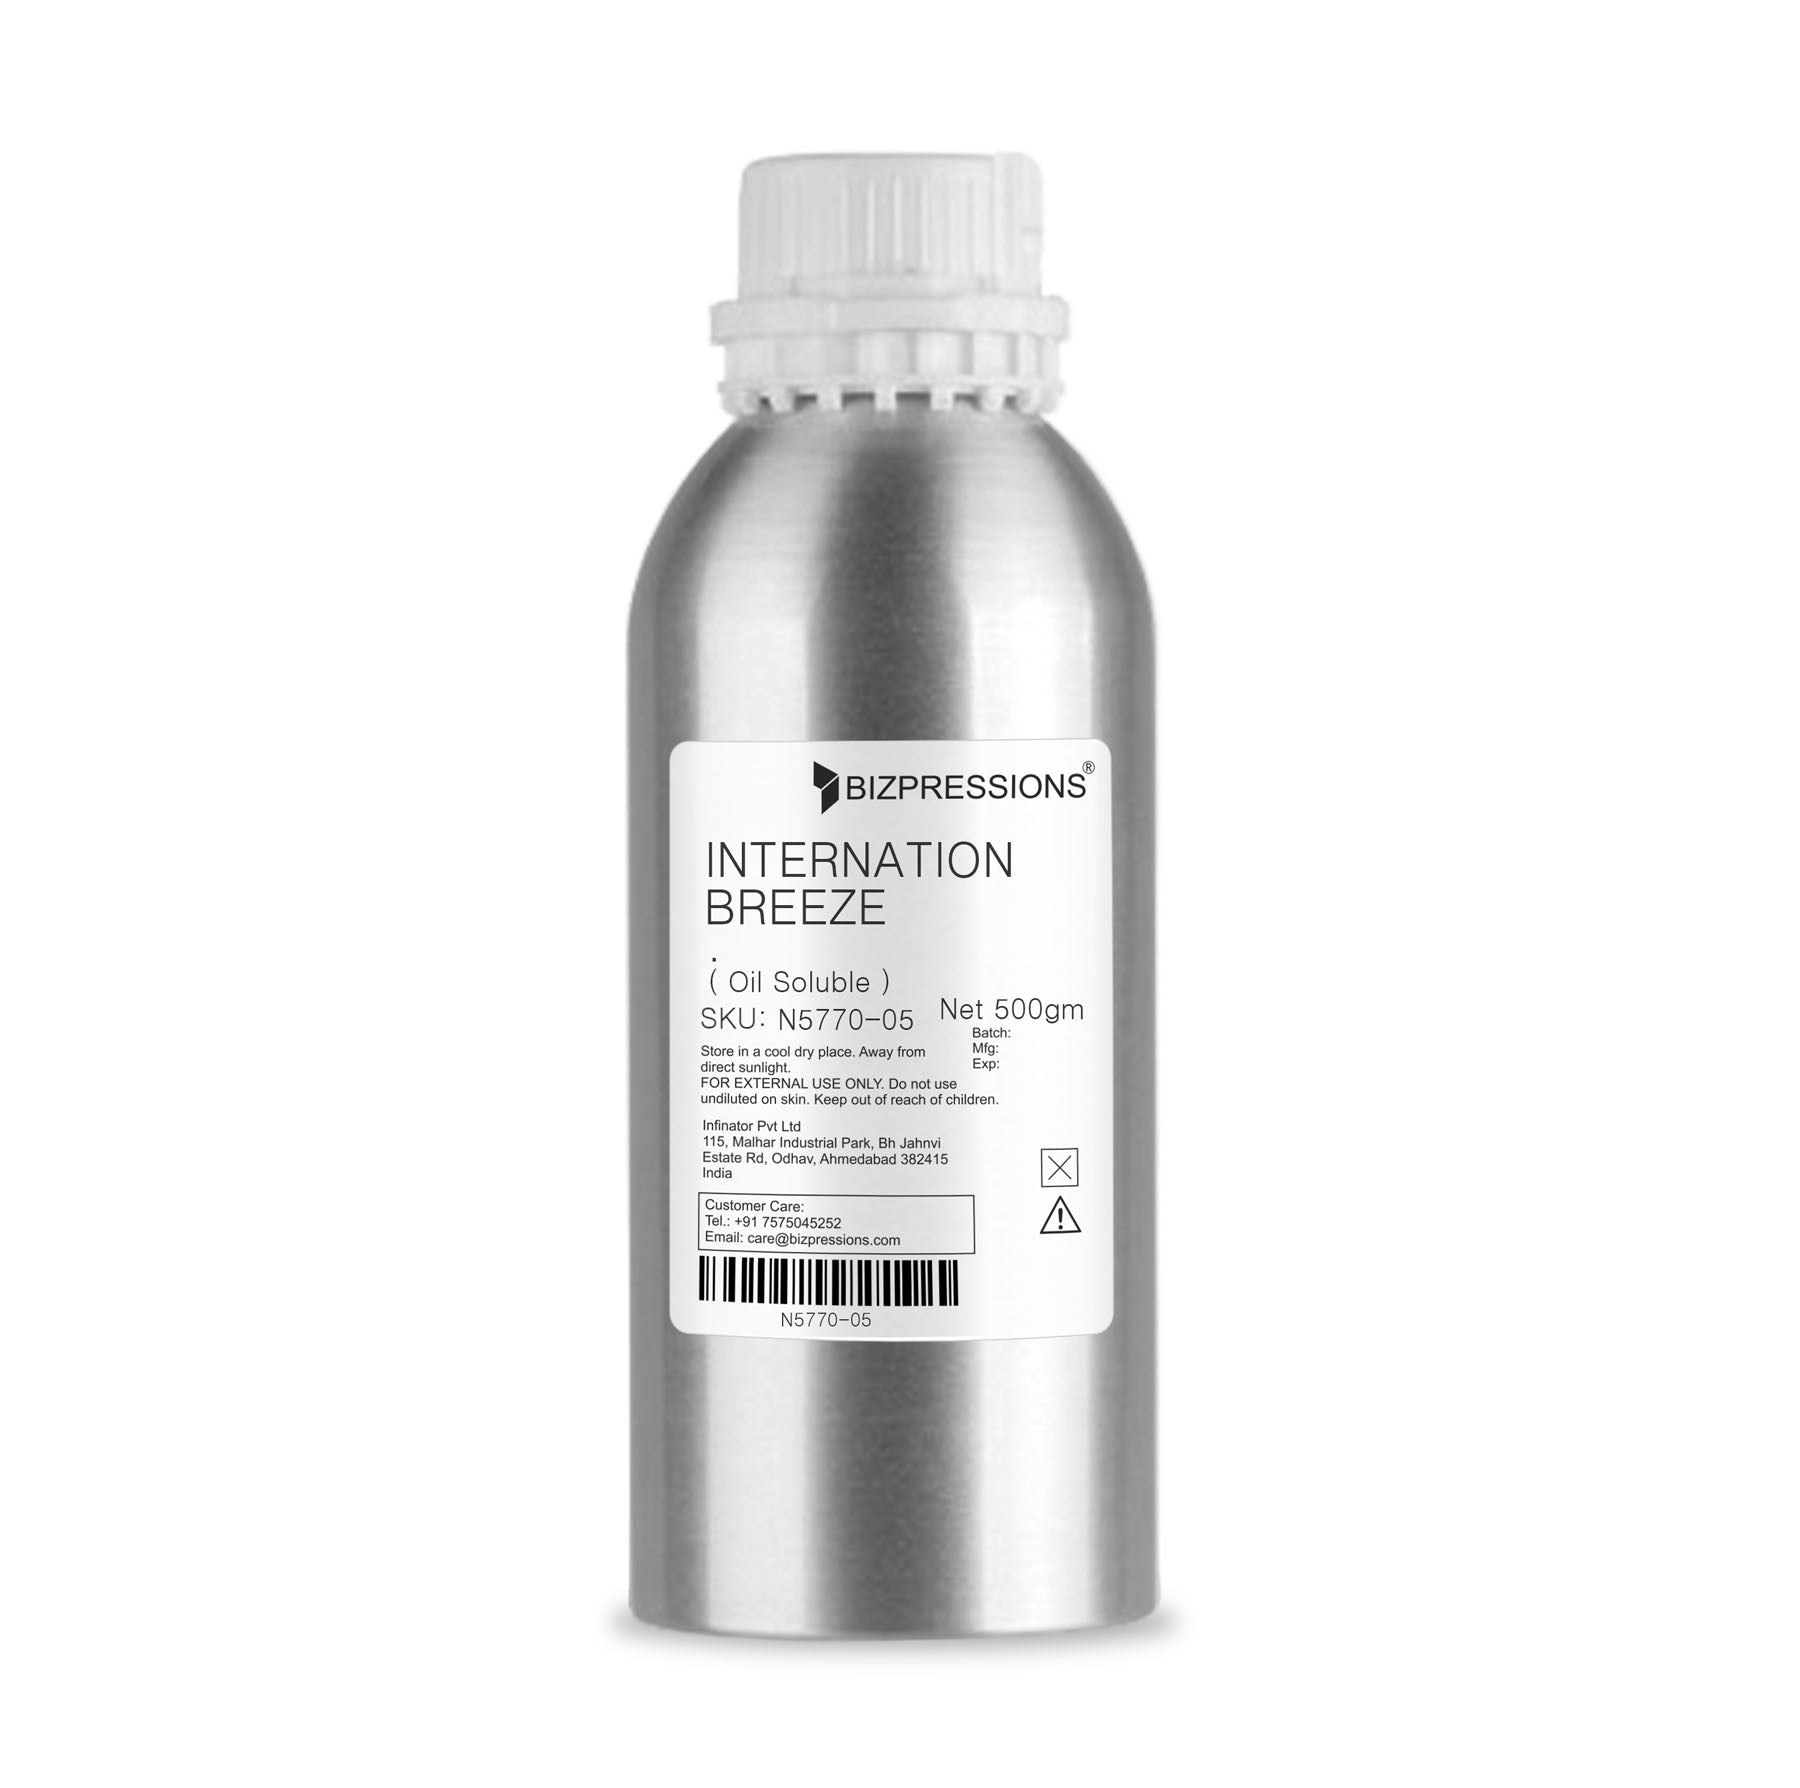 INTERNATIONAL BREEZE - Fragrance ( Oil Soluble ) - 500 gm
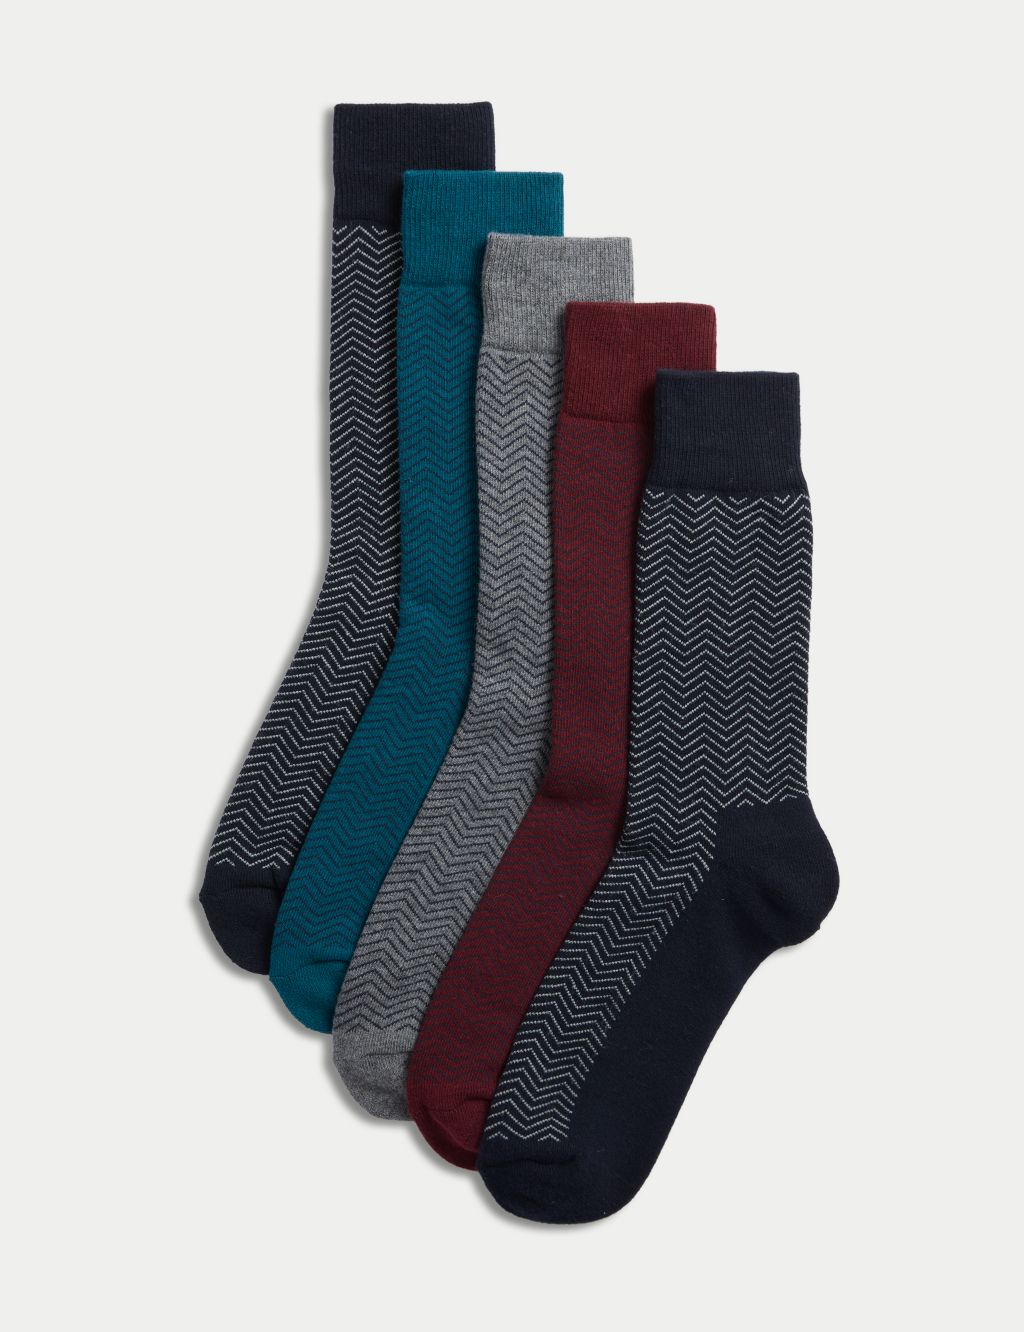 Men's Novelty Socks, Fun Socks
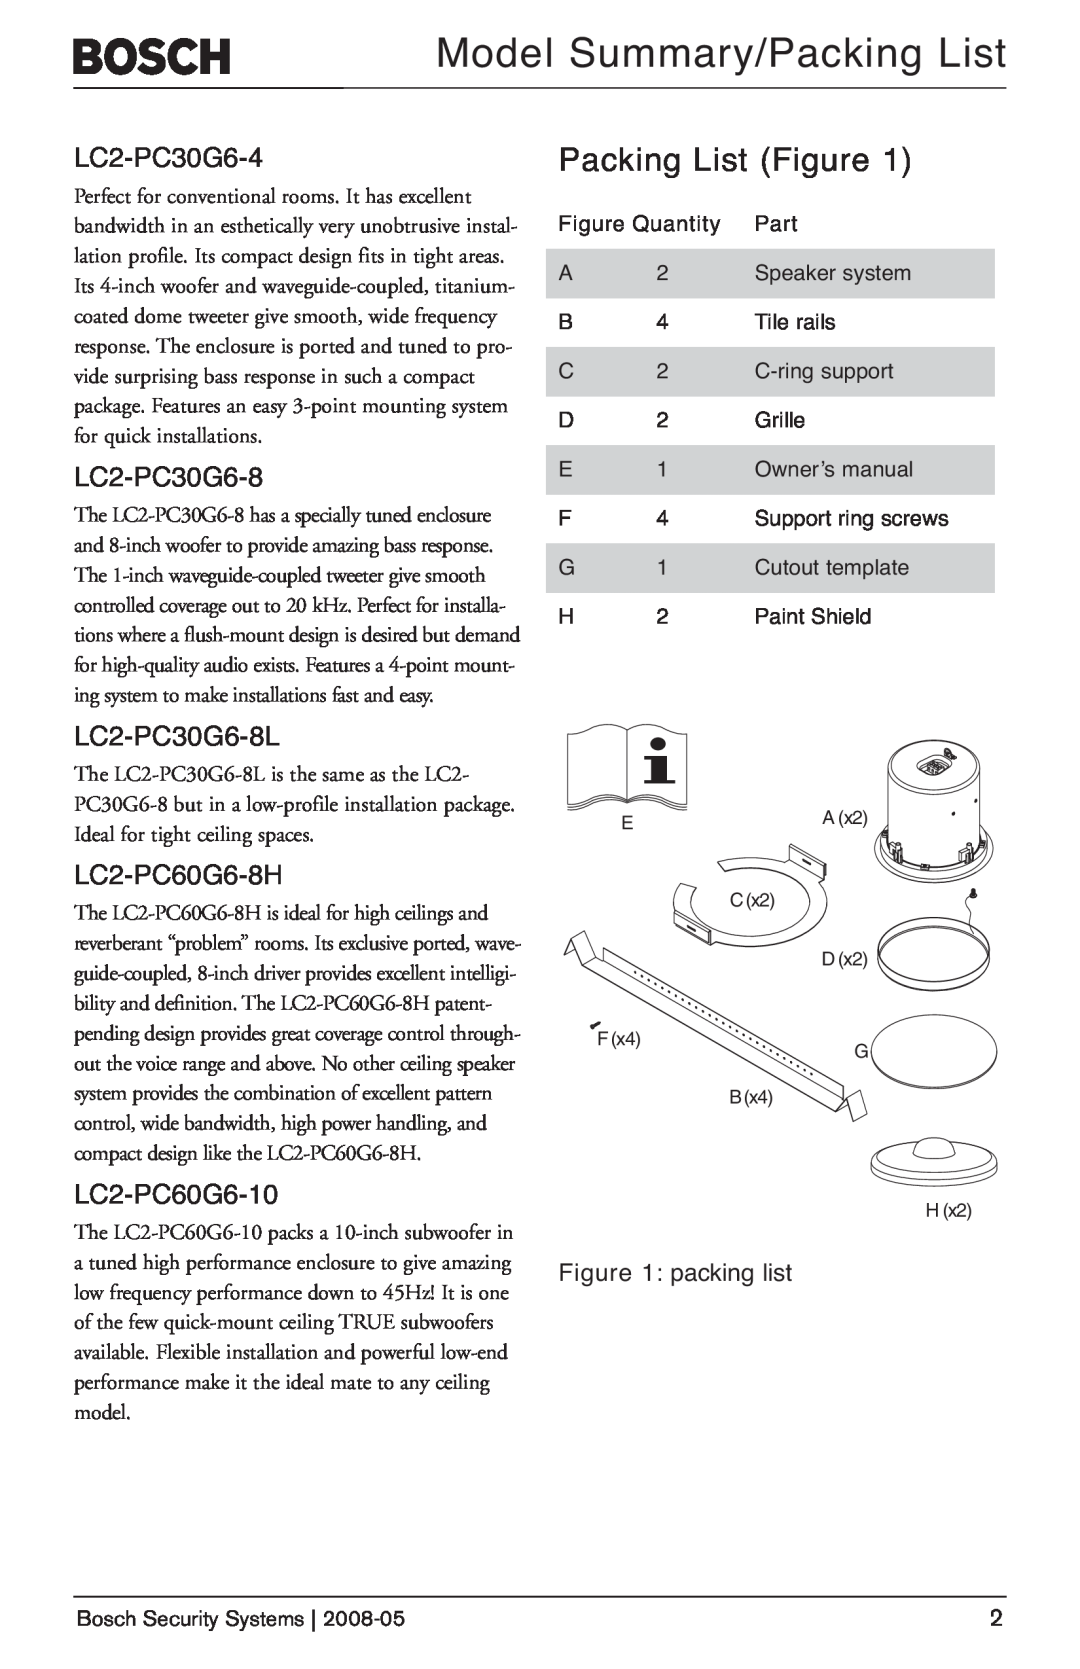 Bosch Appliances LC2-PC30G6-8, LC2-PC60G6-8H Model Summary/Packing List, Packing List Figure, LC2-PC30G6-4, packing list 
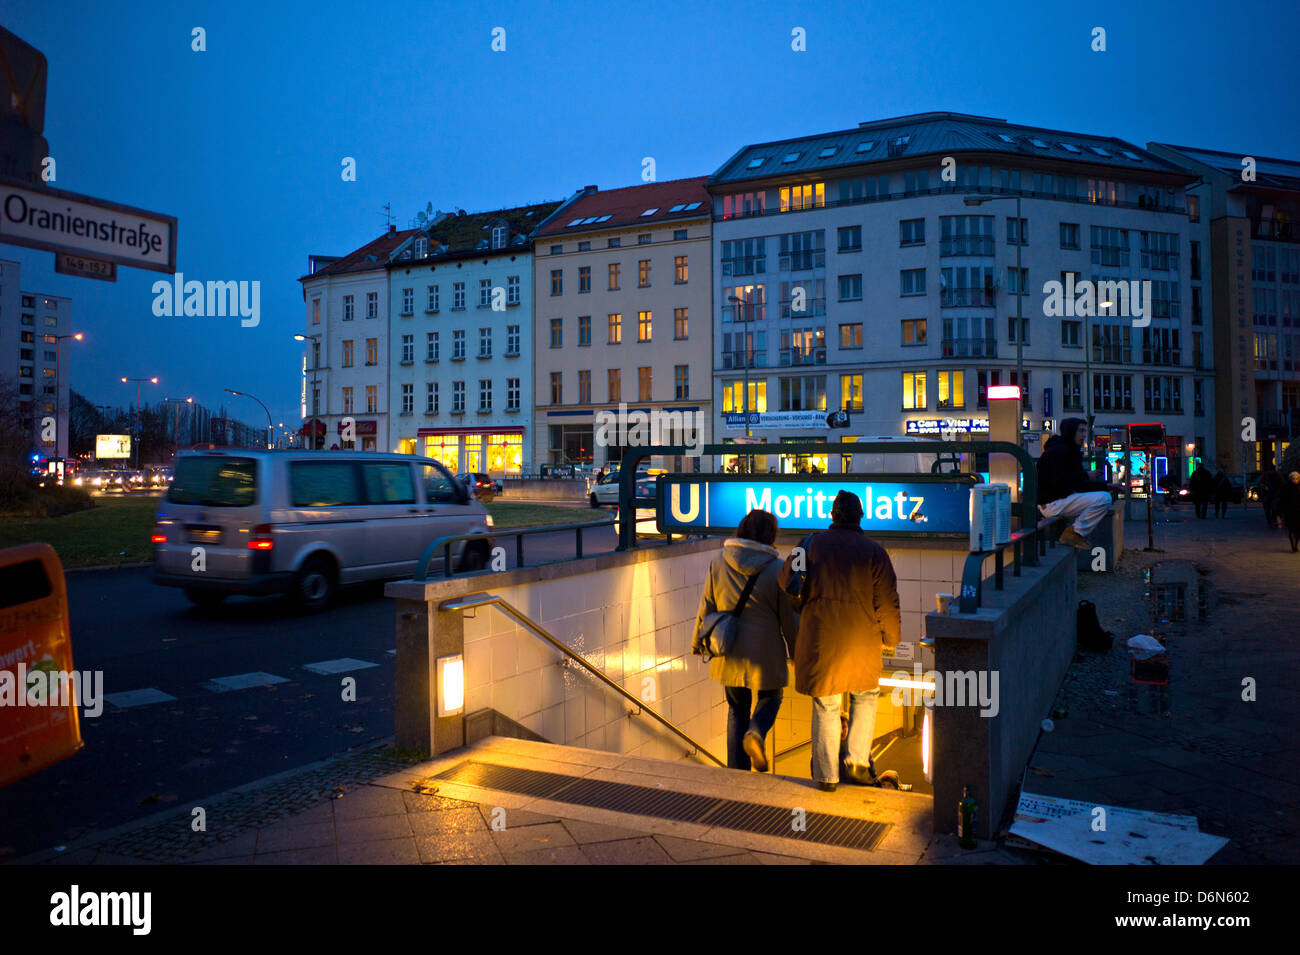 Berlin, Germany, the entrance to the metro station Moritzplatz Stock Photo
--------------------------------
Instructions to follow: Your answer should hold only the lines from the one with "Bosch Appliances LC2-PC30G6-8, LC2-PC60G6-8H" through the final line of the listing above, transcribed exactly and without pictures.

Response box:
 Bosch Appliances LC2-PC30G6-8, LC2-PC60G6-8H Model Summary/Packing List, Packing List Figure, LC2-PC30G6-4, packing list 
 Berlin, Germany, the entrance to the metro station Moritzplatz Stock Photo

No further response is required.